After Józef’s heartfelt passage about Poland’s fate, he writes a second entry about the events that unfolded in the camp on the day war was declared. The fact that this was written at a later date explains the apparent irony of his comments on the state of the army.


Whatever was that terrible explosion rocking the whole building? After it came another one – similar, albeit further away – and then a third and a fourth… Next some heavy gunfire.

It was 5 o’clock in the morning. It startled me as I lay in bed, ducking at each explosion.

I ran to the window but saw only clouds of blue smoke. From amongst these clouds I recognised the shots of anti-aircraft artillery. It was like the intense gunfire I had witnessed at the firing range…

Oh this is no joke… but are they really enemy aeroplanes? …and if not… who organised an anti-aircraft defence exercise at this time and in such a tense, electrically charged, atmosphere of war?

I didn’t puzzle over this for long. With an inevitable dread in my heart, I felt some kind of strange, new curiosity, or fear. I dressed at top speed and rushed downstairs to the office…

“What is it?”

With a shrug of his shoulders in the dim light from the window the Sergeant says, “I don’t know, maybe exercises.”

I hurried into the street, to the major’s residence in the camp… and what did we find? Where we had thought there was war, there was none – just exercises. However, to be on the safe side, we sheltered under the trees to watch the exploding shells and afterwards the flight of the bombers.

It’s difficult though to make out the markings.
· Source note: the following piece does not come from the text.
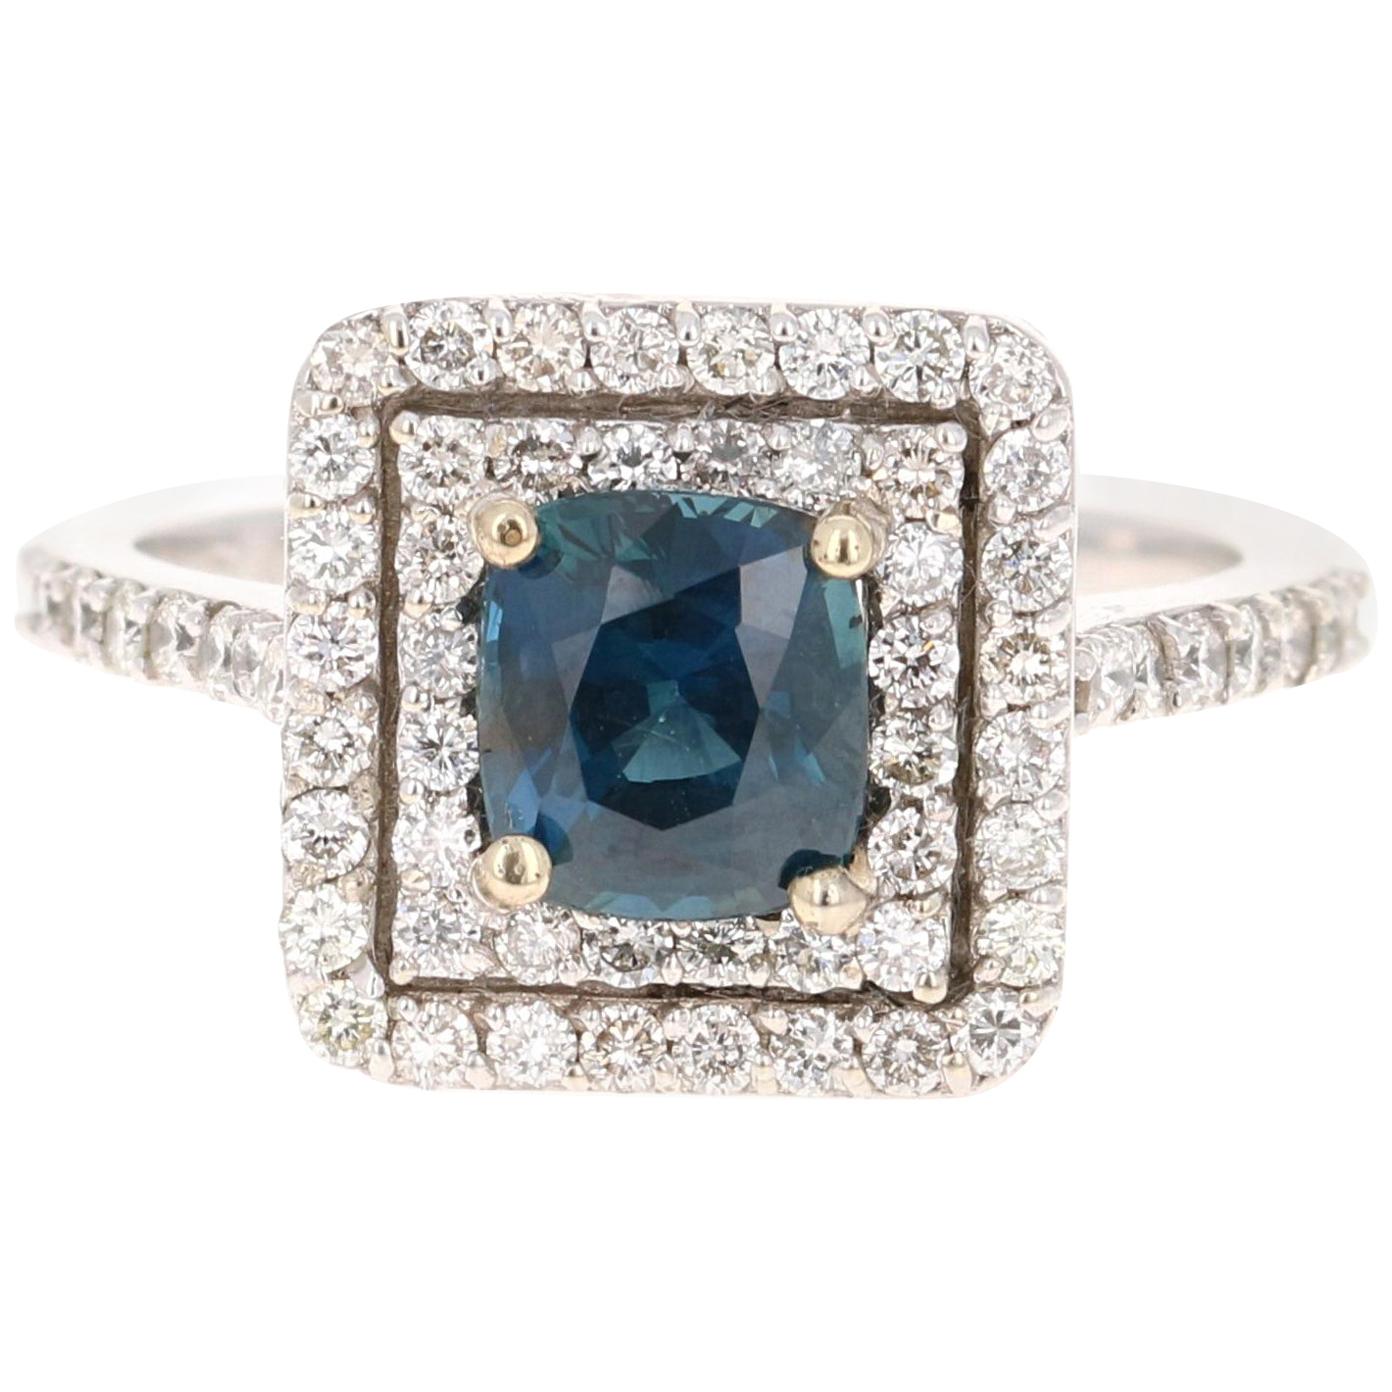 2.29 Carat Blue Sapphire Diamond Engagement Ring 14 Karat White Gold Ring

Despite the assurances of the Major – and the majority of the officers – that war hadn’t already broken out, that these were just exercises, there was still something that I distrusted.

I tried to demonstrate my knowledge of anti-aircraft artillery drawing attention to the missiles. They were pointed, and therefore dangerous – incompatible with exercises. And the planes, although similar to Łos* are certainly German.
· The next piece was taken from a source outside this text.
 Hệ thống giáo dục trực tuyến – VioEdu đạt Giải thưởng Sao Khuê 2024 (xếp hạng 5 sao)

We were leaning more and more towards the opinion that it was war…


The Major heads for Katowice at speed and around midday the news is definite…

WAR…what a strange word.

I was a young child when the world war broke out, the shots were read about or read to us and talked about, but we survived it. Hm!! This is something completely new.

After all the discussions at every opportunity – will it be or won’t it? what will it be like? – this uncertainty had disappeared and even the tension has subsided…and at last there would be composure.
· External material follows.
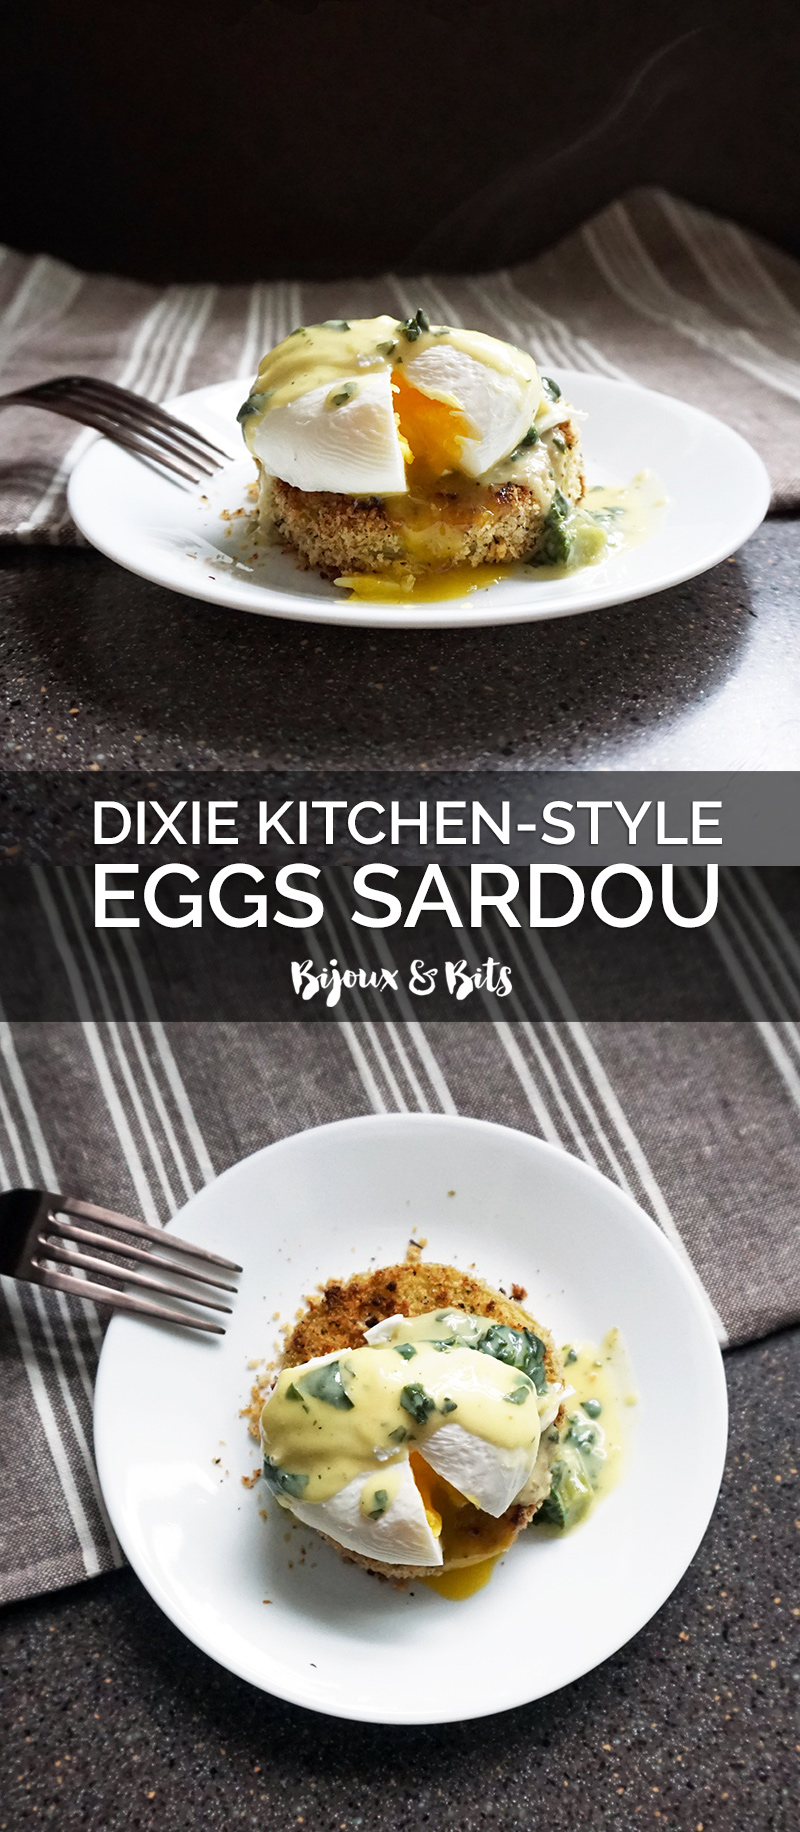 Dixie Kitchen-style Eggs Sardou recipe from @bijouxandbits

Even when it had become a fact however, it was still mistrusted. Perhaps there will be a retreat; maybe peace can still be rescued.


My heart felt heavy seeing these first unknown, enemy planes. It is difficult to describe the feeling – neither joy nor fear.

In these particular circumstances, here is what lifted us: weighing up what difficulties or benefits it would bring, what would the outcome be, and so on.

And the state, ah! I daresay the state will only gain from it. Because please  look at our army. What magnificent soldiers, such weapons, such equipment, the warehouses they only showed us at mobilisation and about which there was so much mysterious insinuation.

These and other thoughts occupied our minds. The answers were to come gradually…


At 12.00 noon the President delivered a proclamation to the nation in several languages. Our treacherous enemy of old had without declaration of war, attacked our country, bombing Polish towns.

We were declaring war…so help us God. And so, the word ‘war’ became a reality.